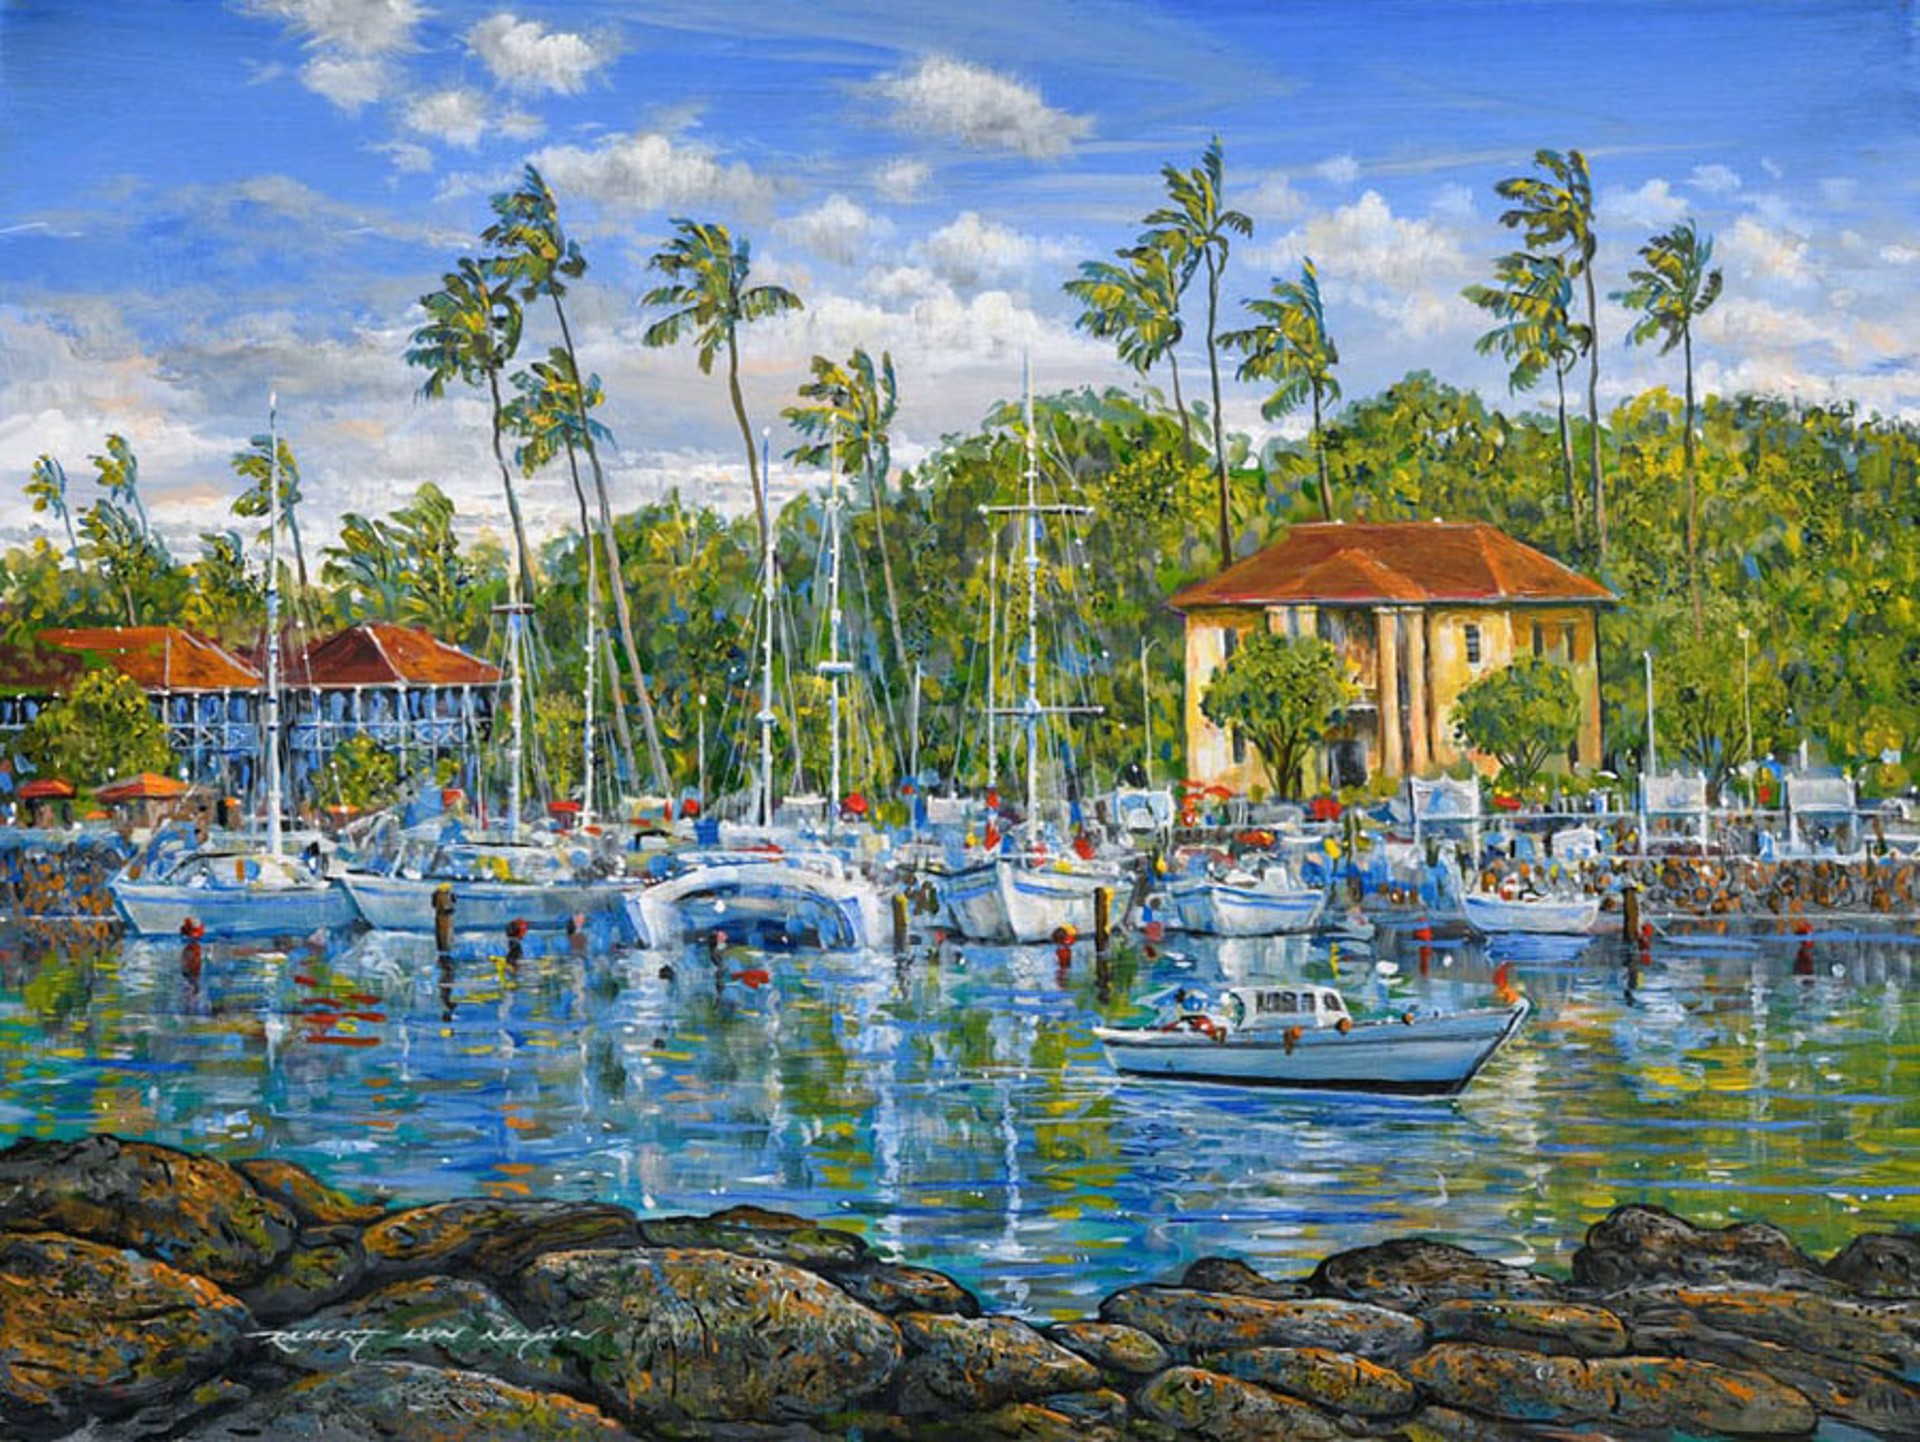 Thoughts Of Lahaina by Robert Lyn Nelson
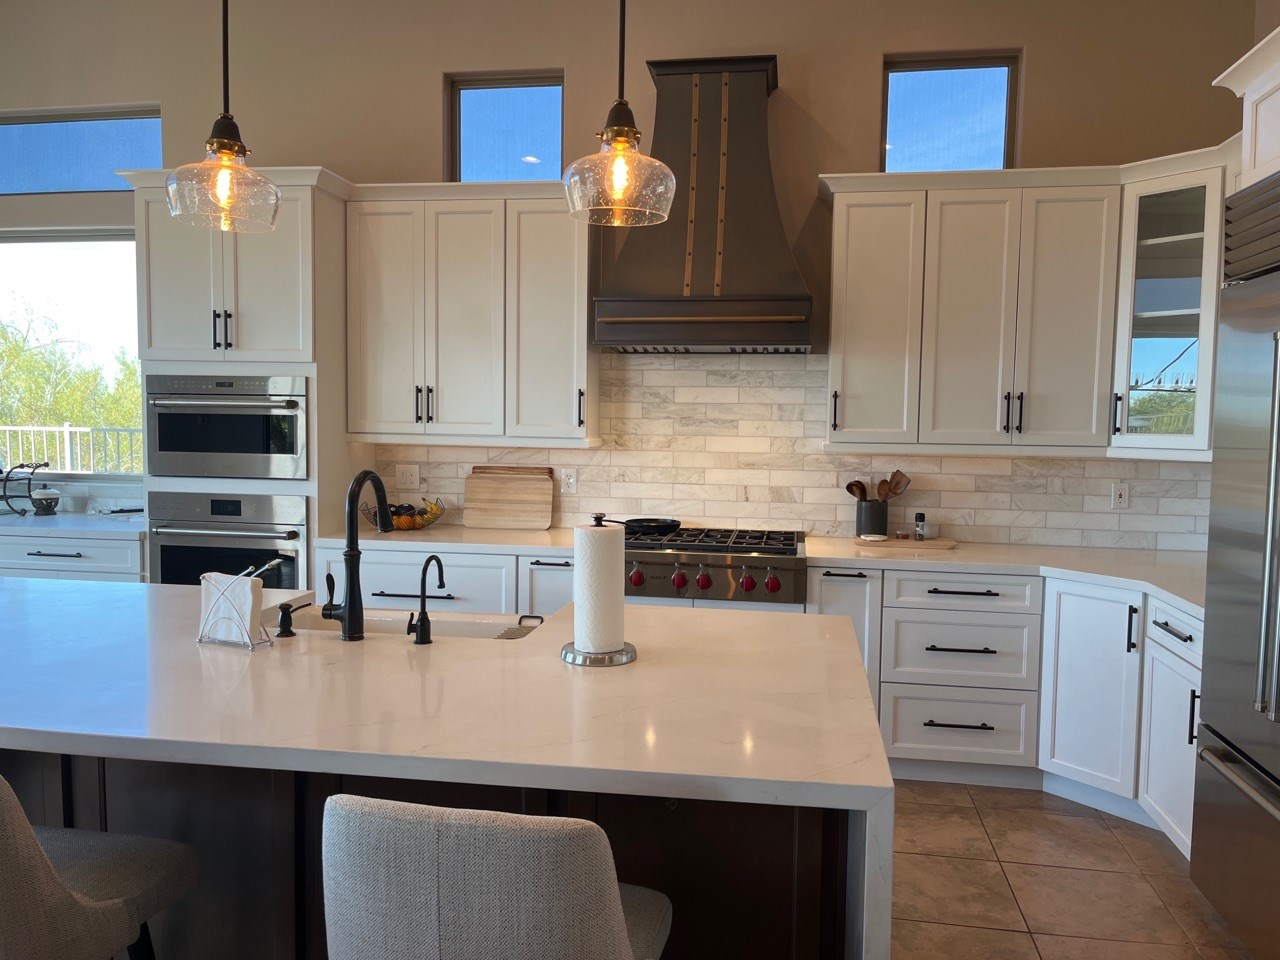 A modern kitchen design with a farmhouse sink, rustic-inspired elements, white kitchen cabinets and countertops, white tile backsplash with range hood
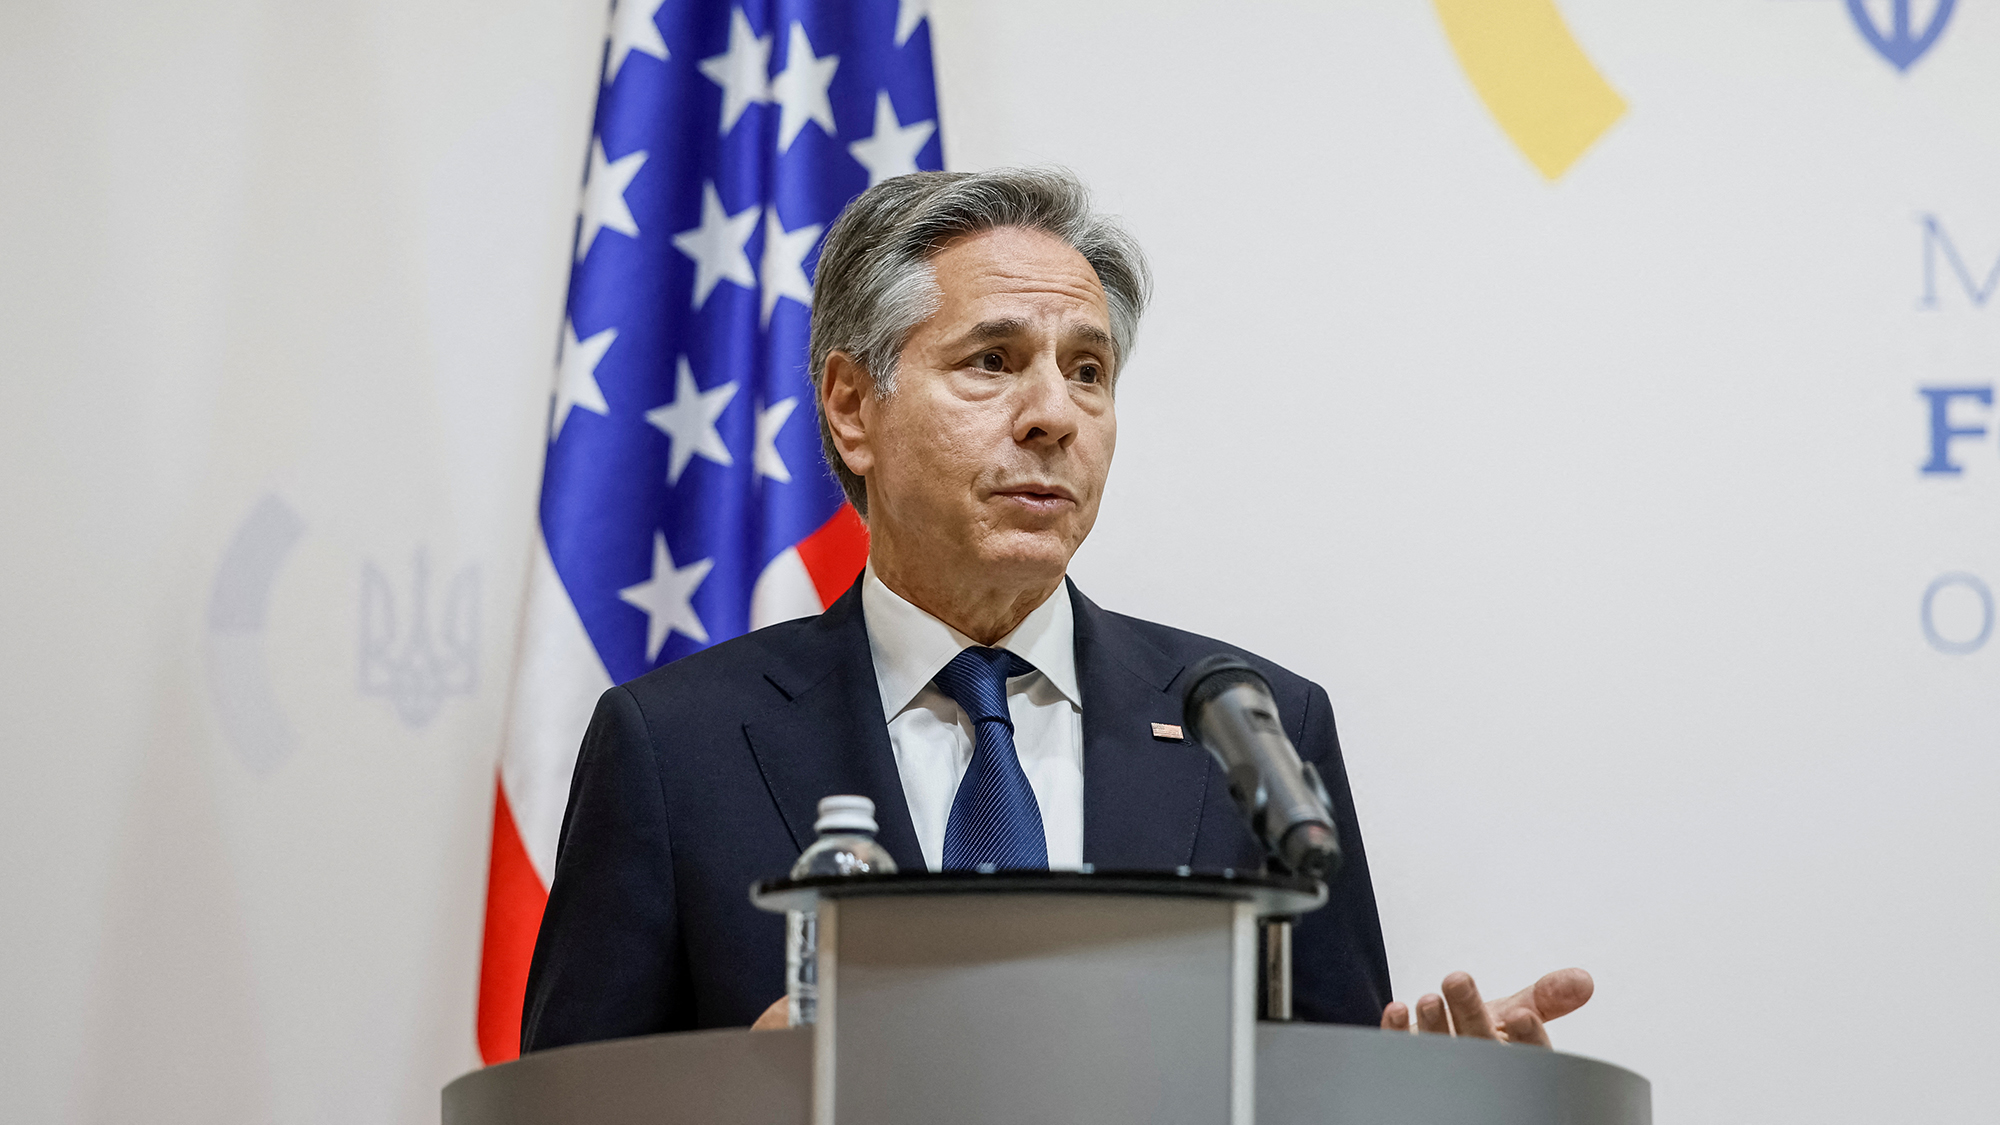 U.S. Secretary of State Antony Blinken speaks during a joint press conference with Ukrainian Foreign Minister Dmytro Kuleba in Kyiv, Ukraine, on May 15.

*Assigned task*
Print every line of the data exactly. Pictures do not belong in the copy.

*Task response*
 Thoughts Of Lahaina by Robert Lyn Nelson
 A modern kitchen design with a farmhouse sink, rustic-inspired elements, white kitchen cabinets and countertops, white tile backsplash with range hood
 U.S. Secretary of State Antony Blinken speaks during a joint press conference with Ukrainian Foreign Minister Dmytro Kuleba in Kyiv, Ukraine, on May 15.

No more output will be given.